**Collected data**
* * * *

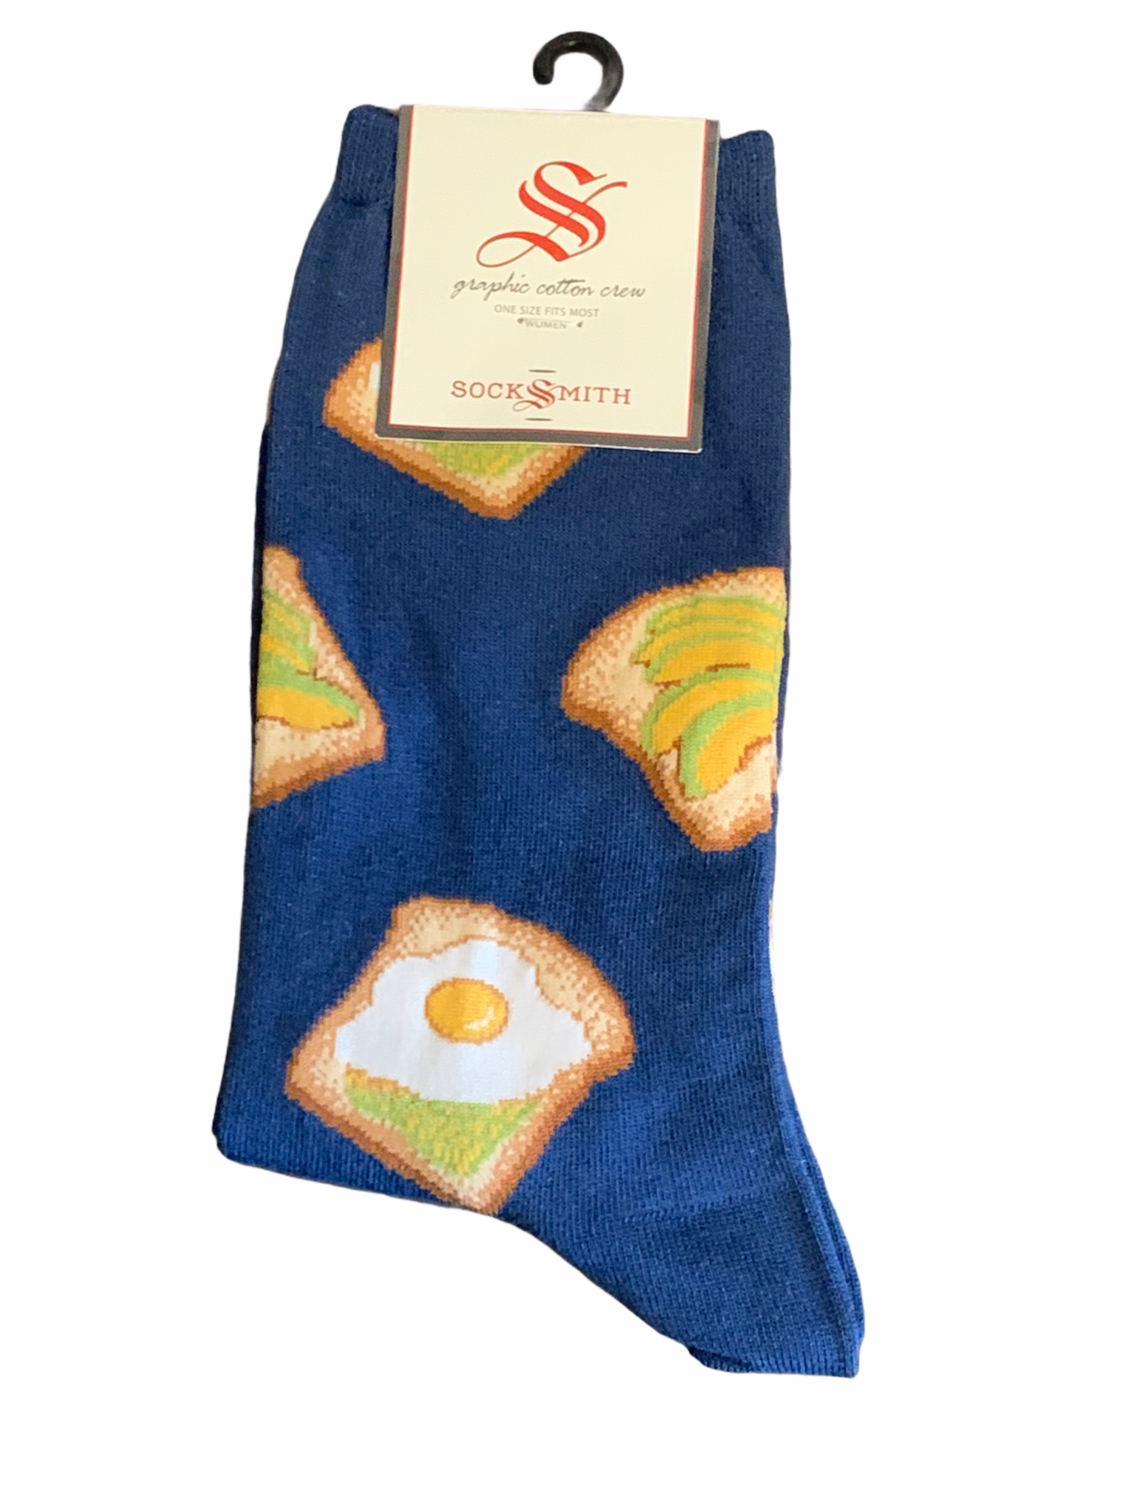 P&L- Assorted Socks (Socksmith)
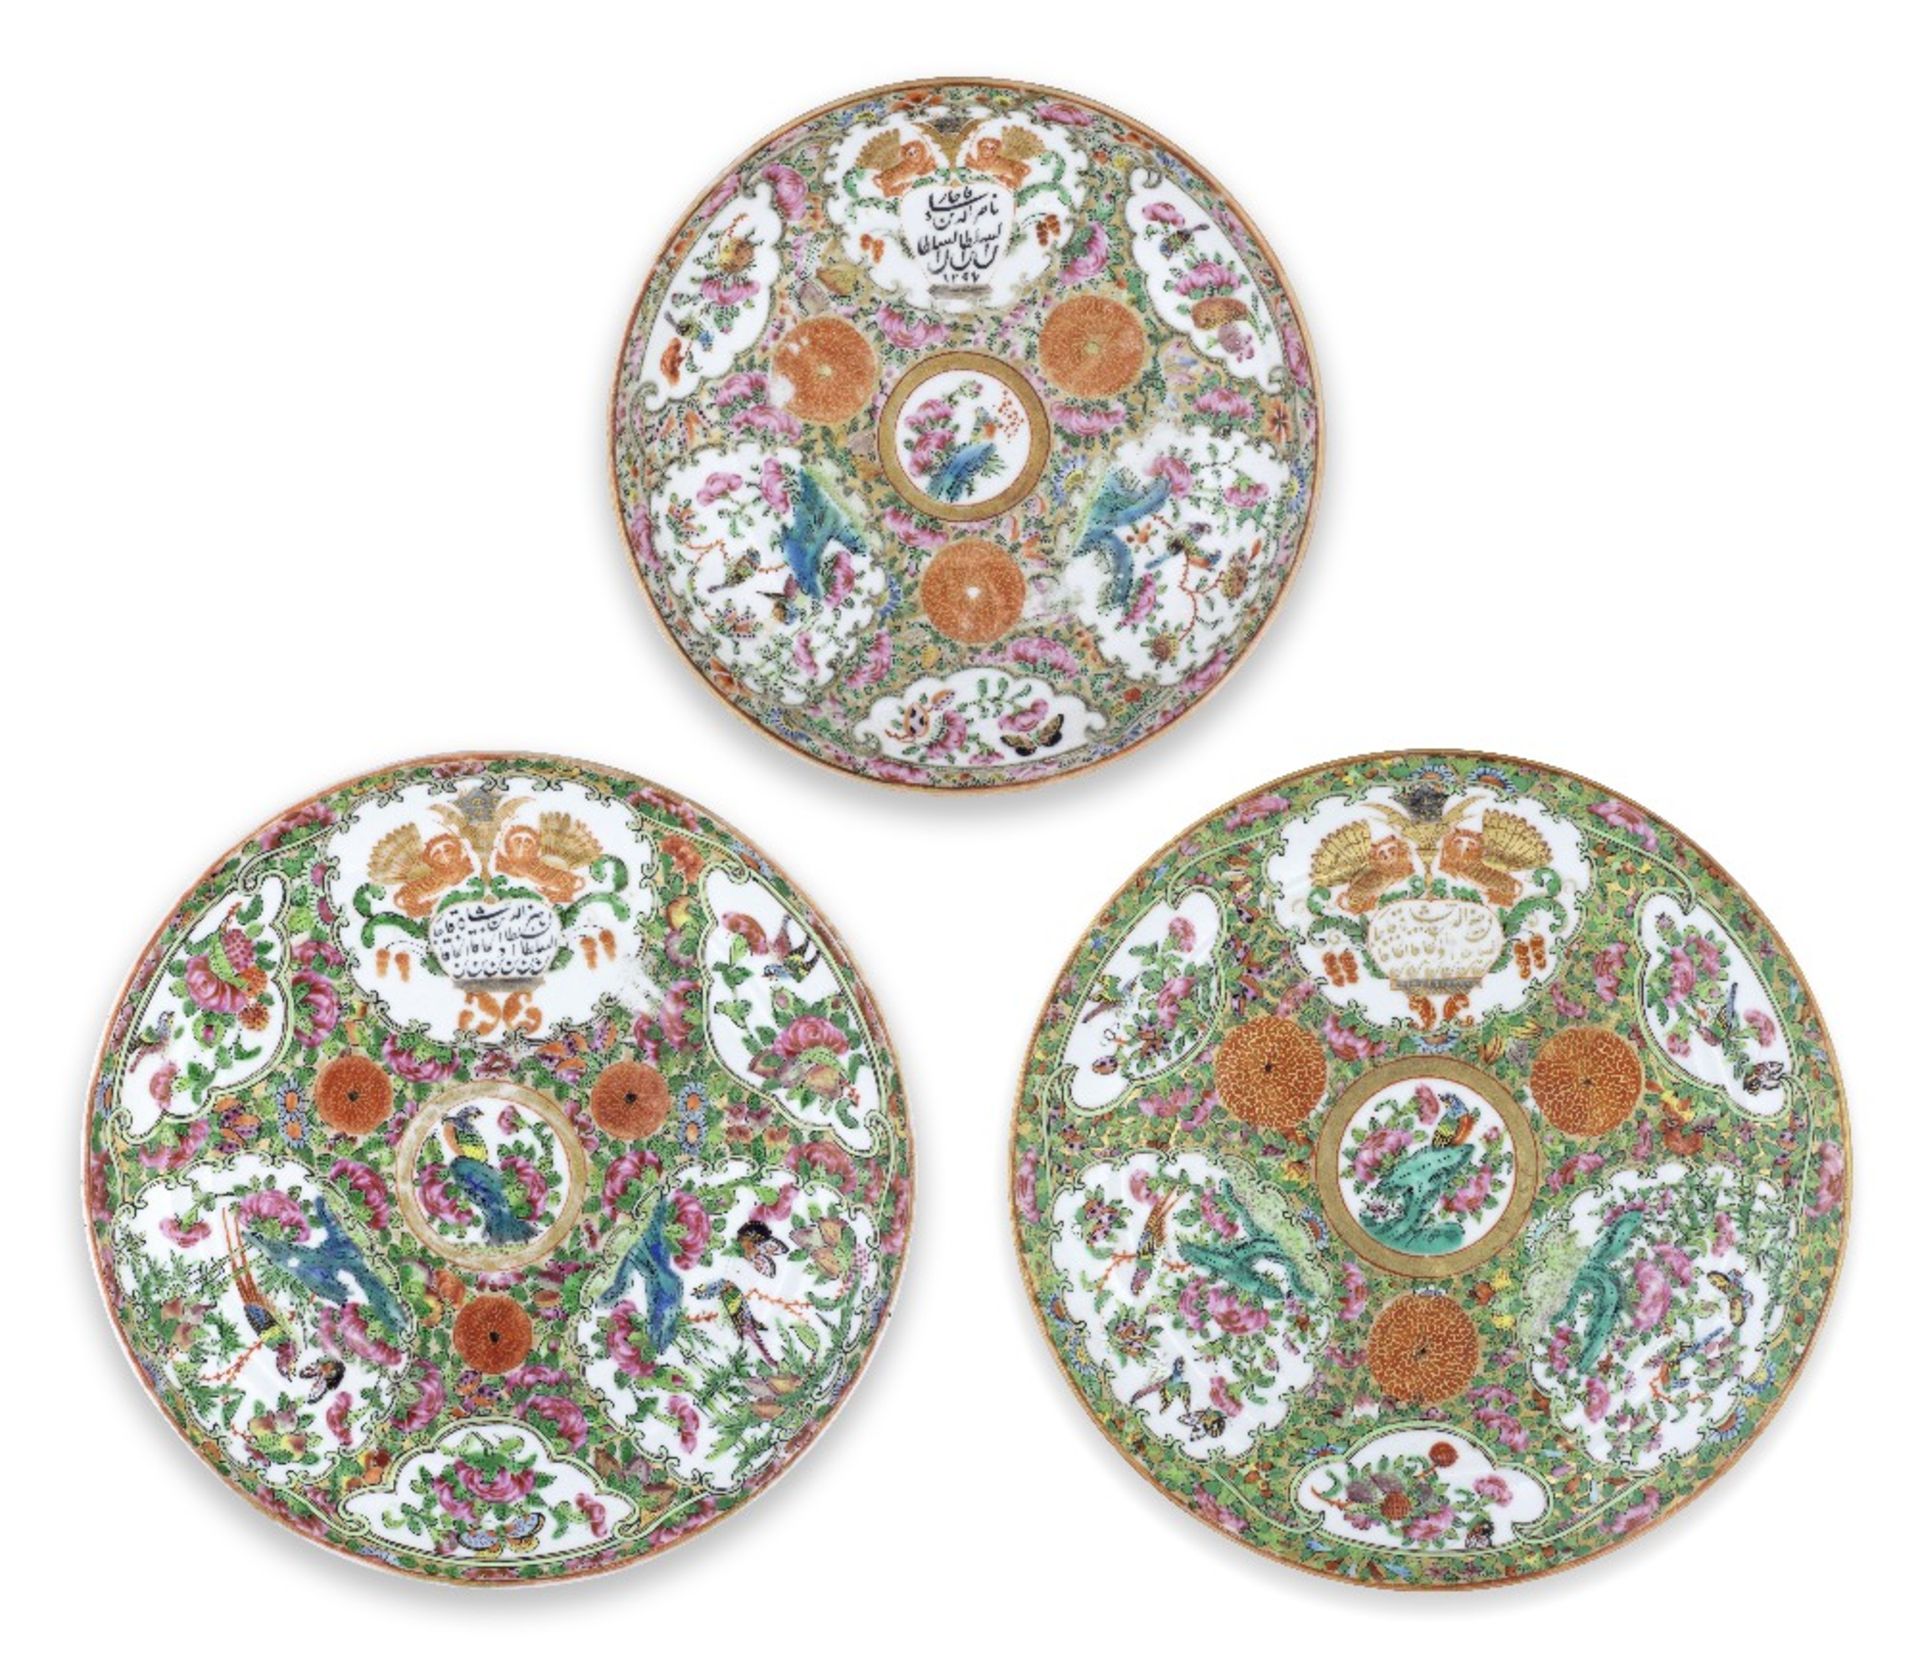 Three Cantonese export porcelain dishes made for Nasr al-Din Shah Qajar (reg.1848-1896) China, o...
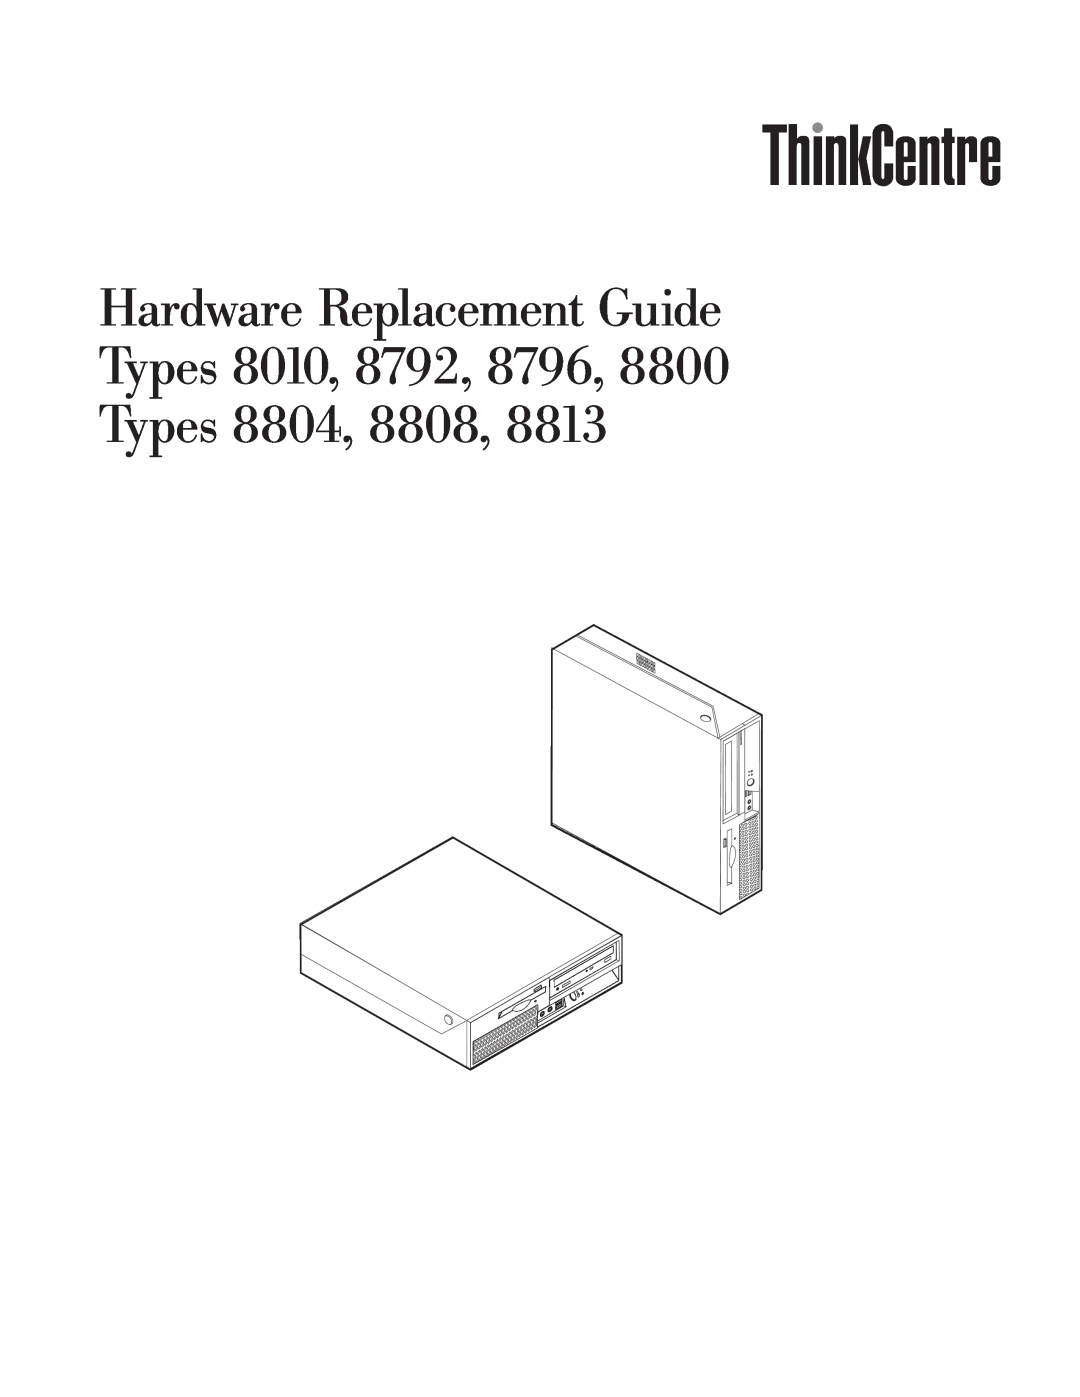 Lenovo 8813, 8800 manual User Guide Types 8010, 8792, 8796, Types 8804, 8808

* * * *

The answer must be an exact copy of the lines from the one that holds "Three Cantonese export" through the end of the data, both included, with no pictures.

**Expected answer**
 Three Cantonese export porcelain dishes made for Nasr al-Din Shah Qajar (reg.1848-1896) China, o...
 Lenovo 8813, 8800 manual User Guide Types 8010, 8792, 8796, Types 8804, 8808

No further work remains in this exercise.